### Problem description
A faithful copy of all the data is the goal; omit the pictures.

── Data provided

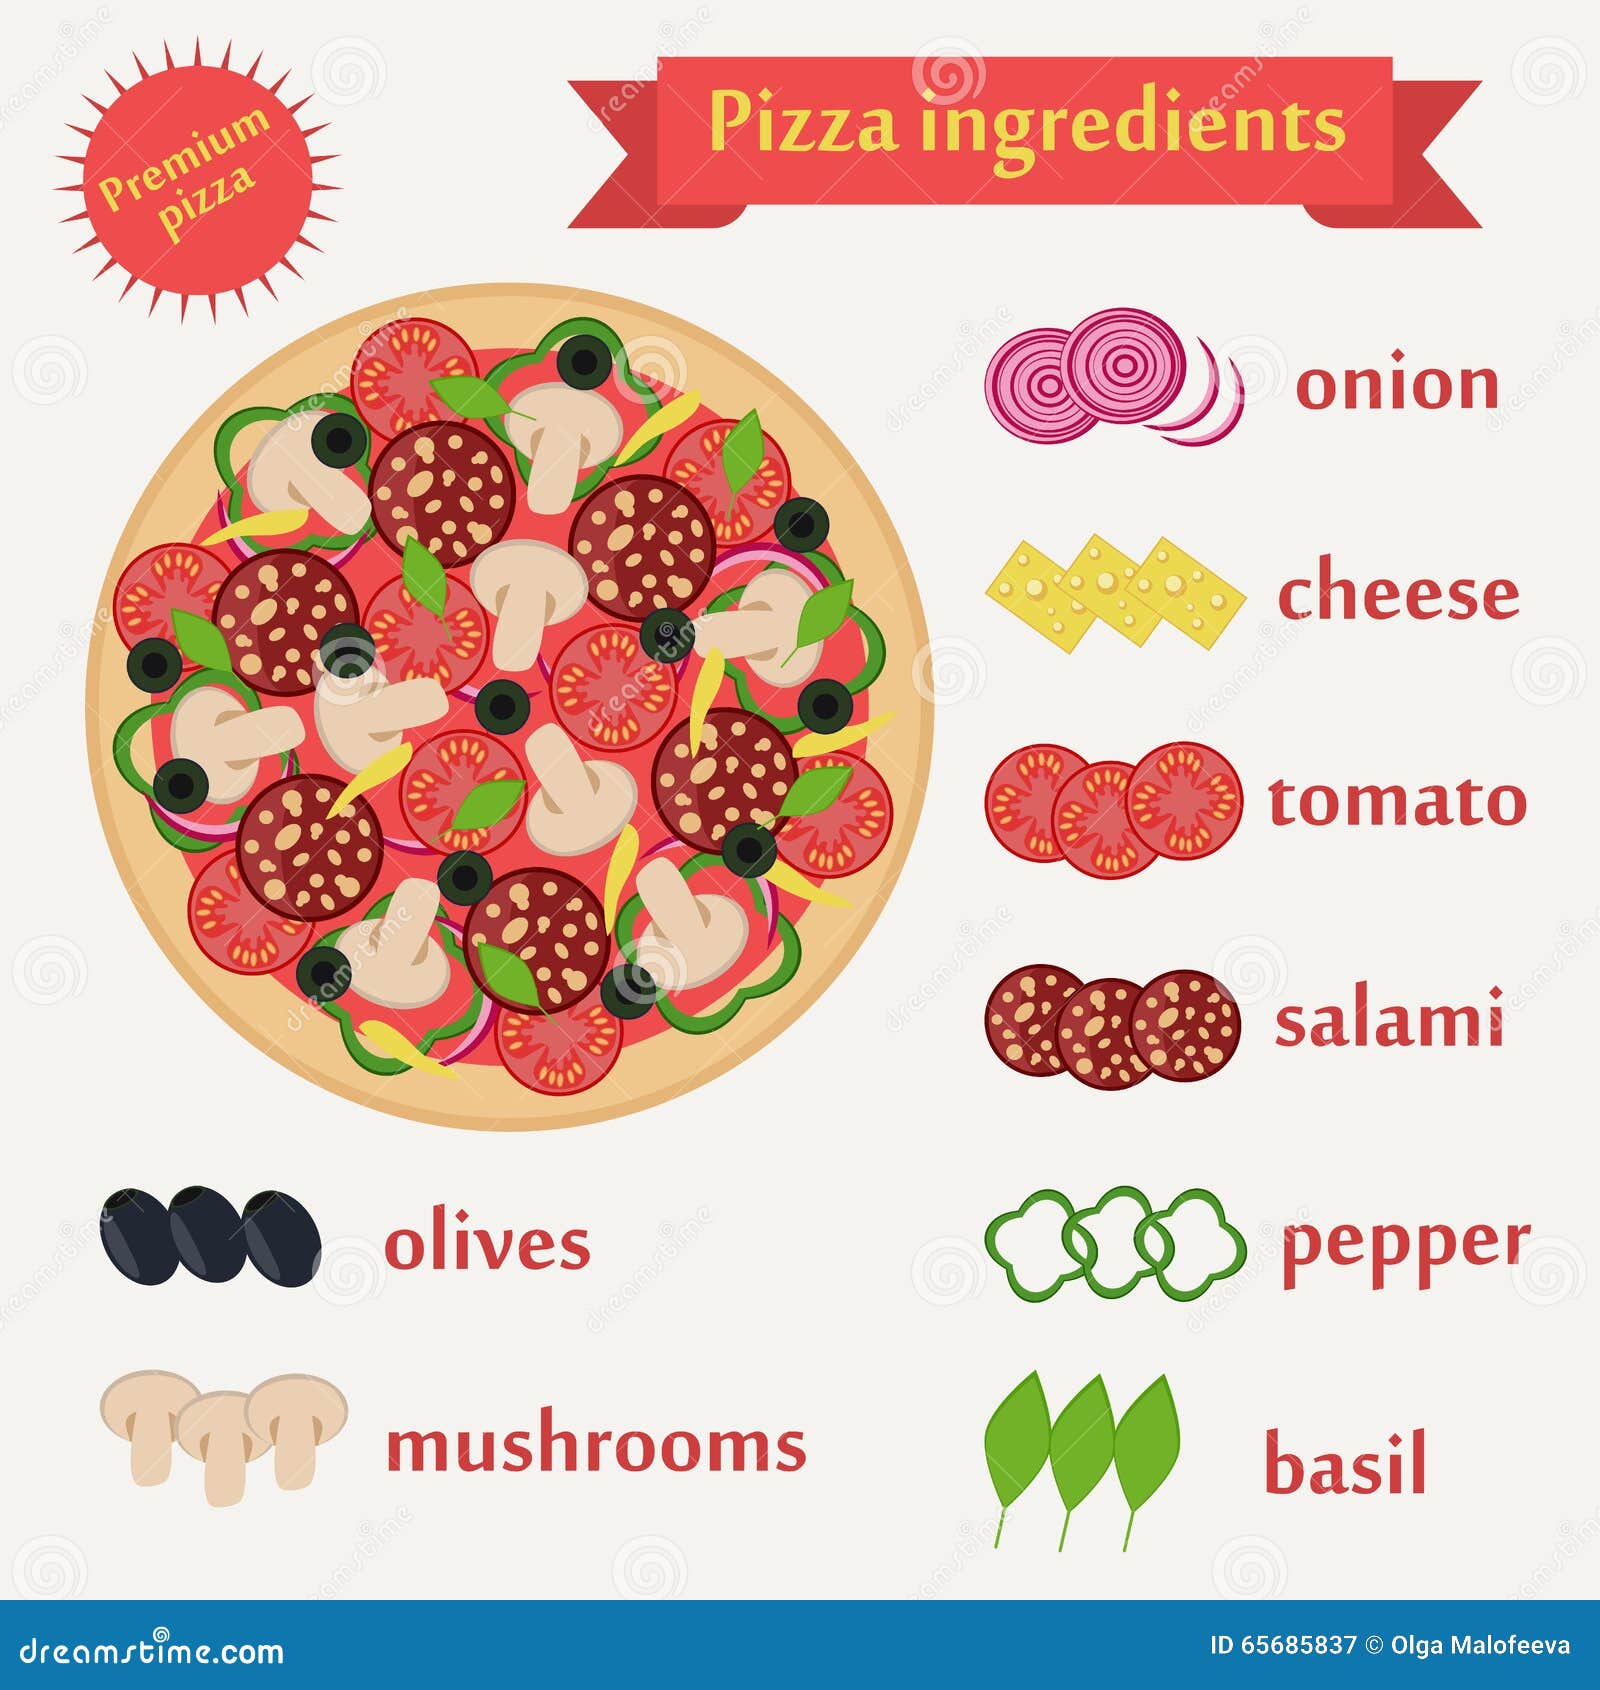 рецепты на английском пицца языке с переводом фото 2
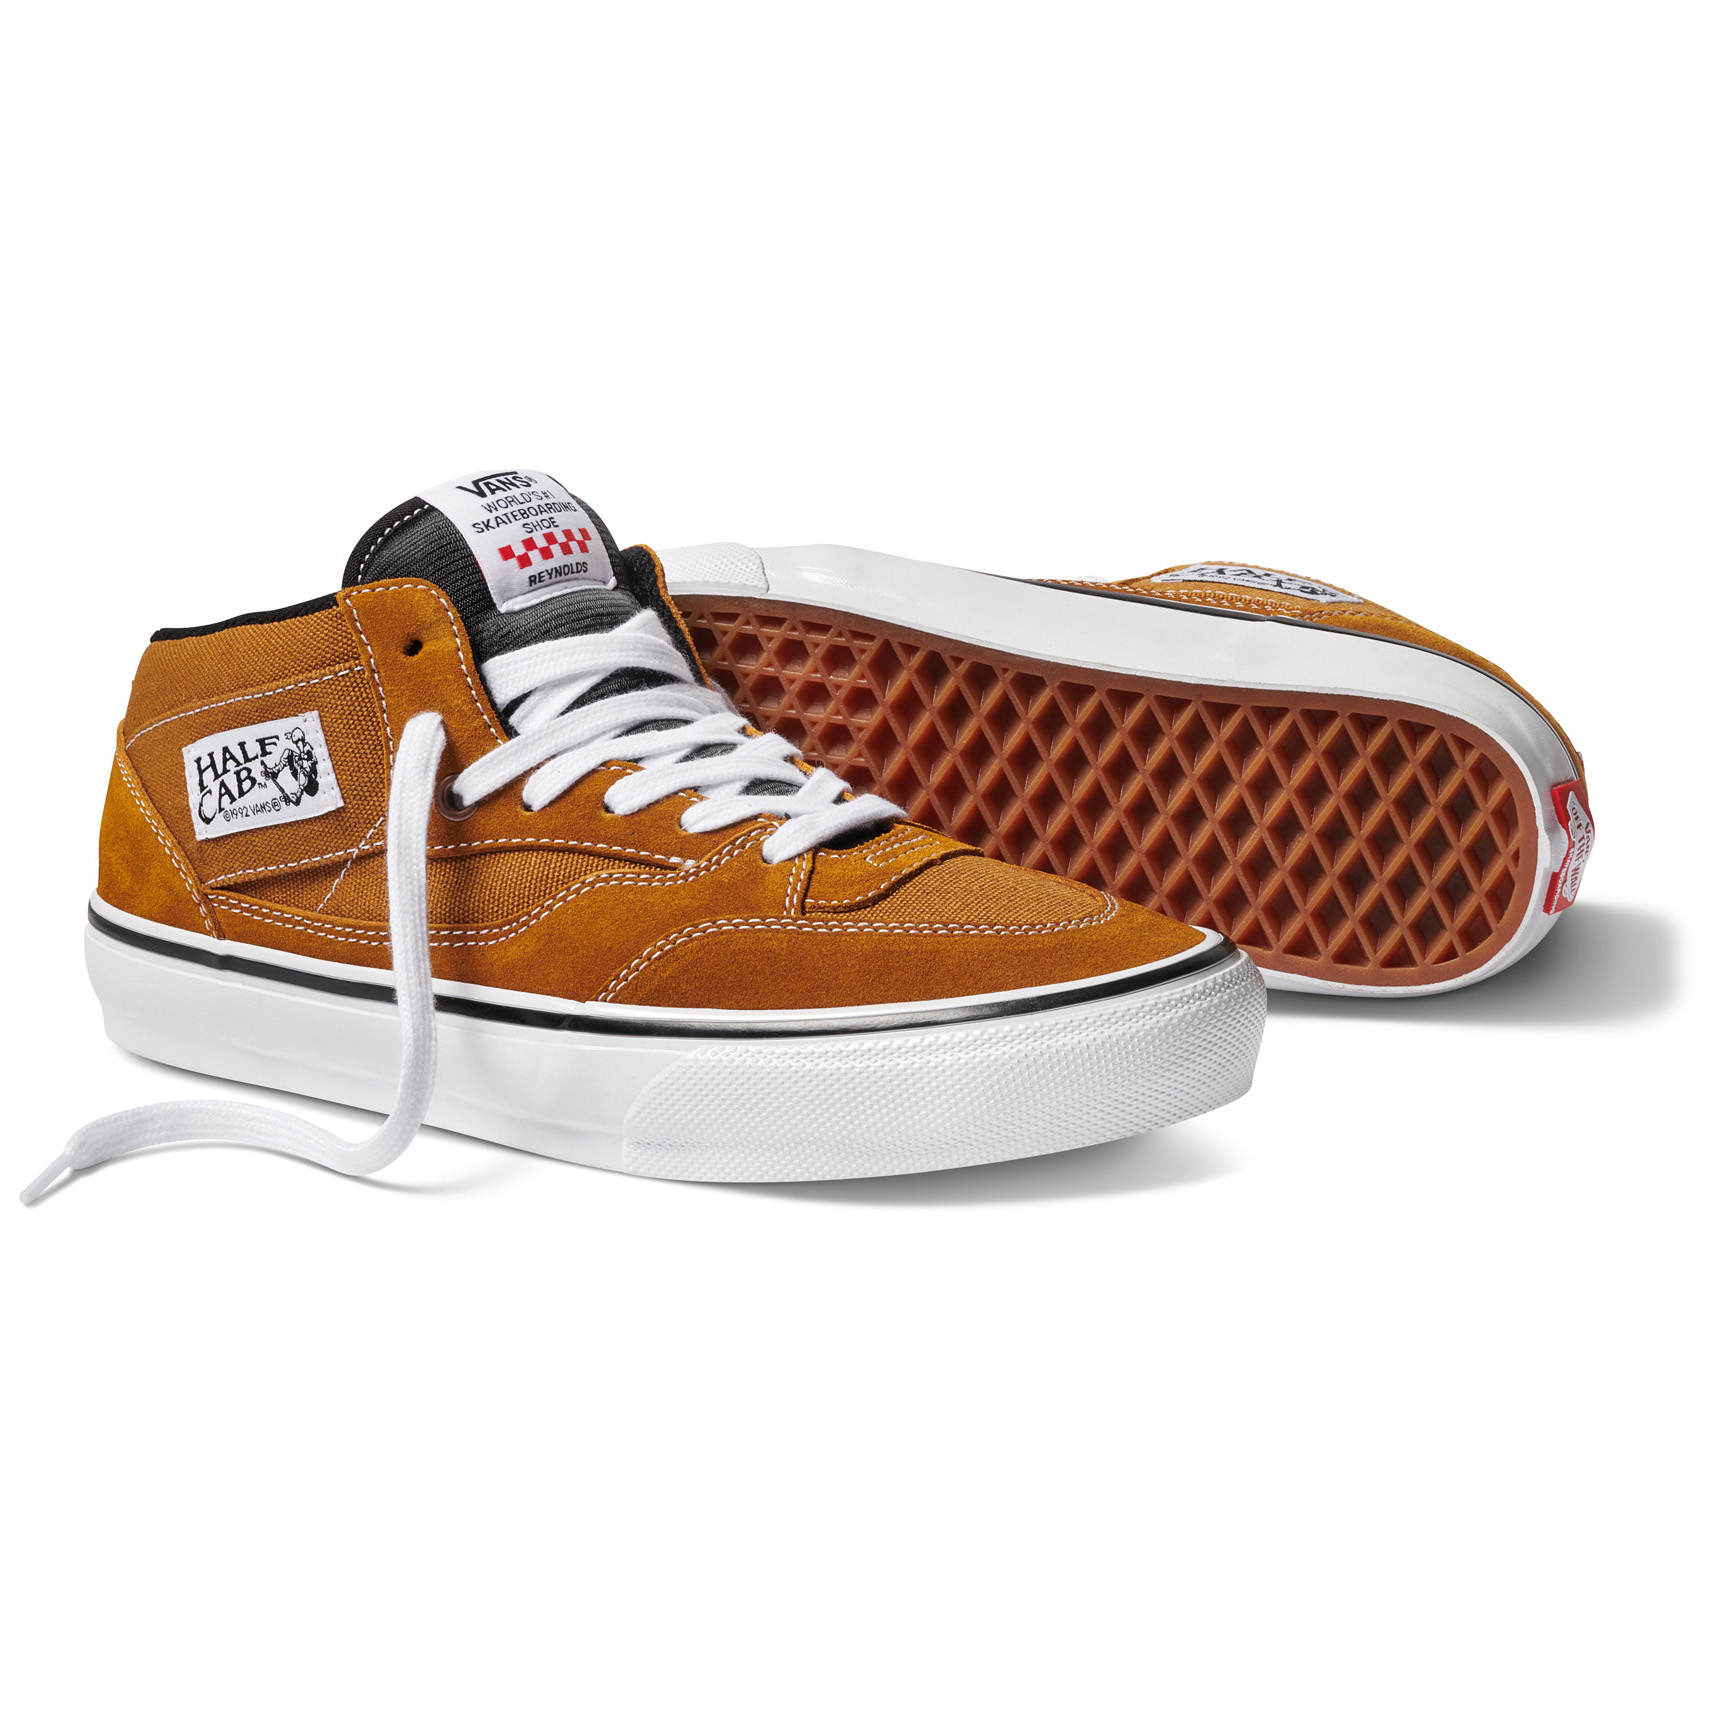 Vans Reynolds Half Cab 92' Shoes - Golden Brown | Precinct Skate Shop
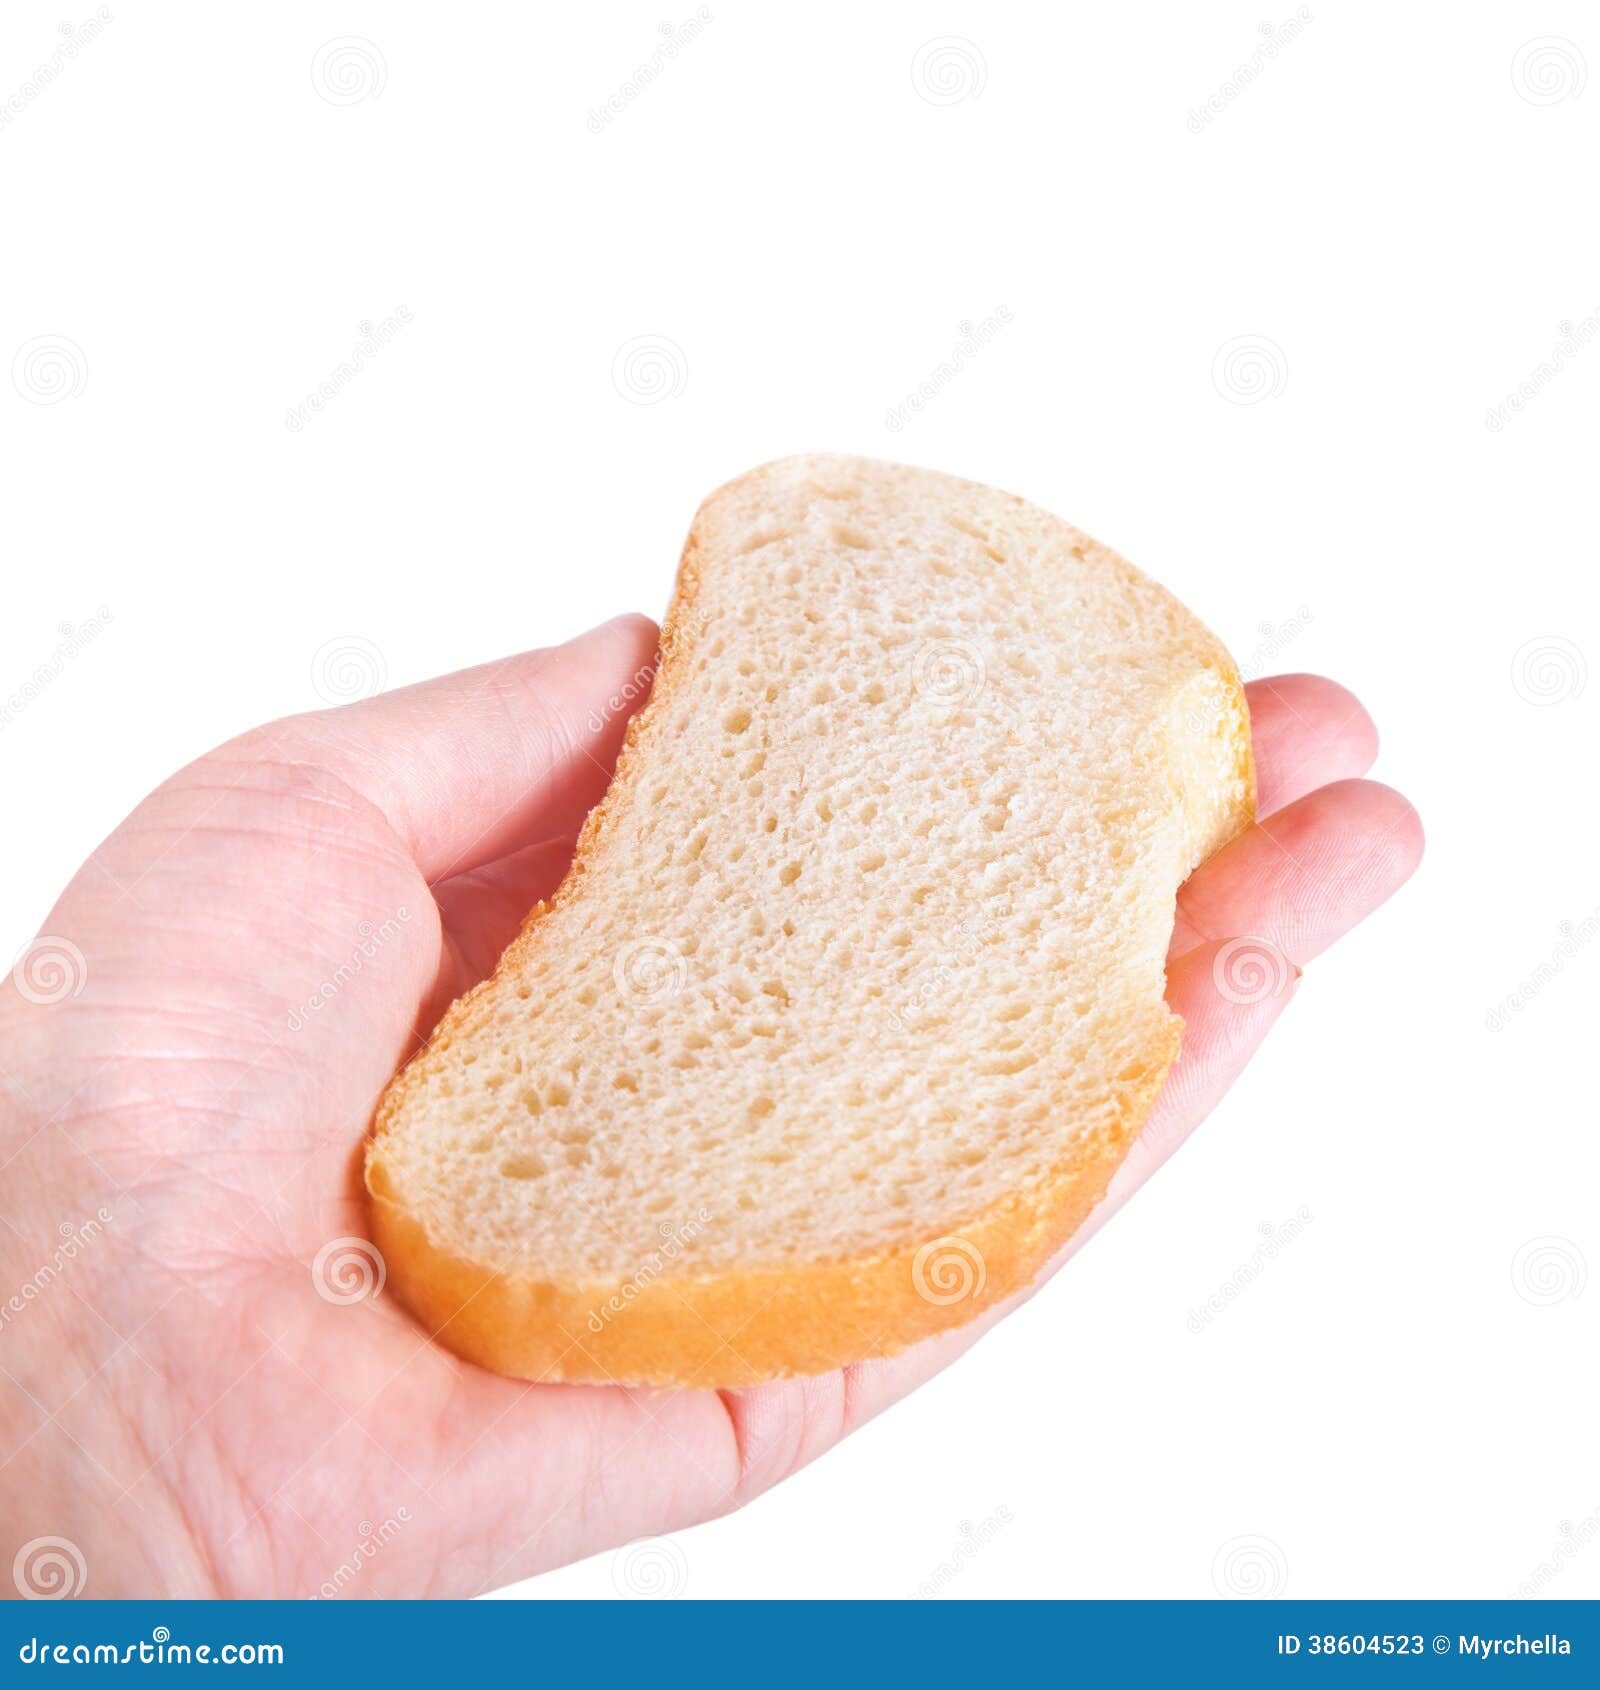 Кусочек маленький кусочек видео. Хлеб на ладошке. Кусок хлеба на ладошке. Рука держит кусок хлеба. Кусочек хлеба в руке.

────

### Task answer
 рецепты на английском пицца языке с переводом фото 2
 Vans Reynolds Half Cab 92' Shoes - Golden Brown | Precinct Skate Shop
 Кусочек маленький кусочек видео. Хлеб на ладошке. Кусок хлеба на ладошке. Рука держит кусок хлеба. Кусочек хлеба в руке.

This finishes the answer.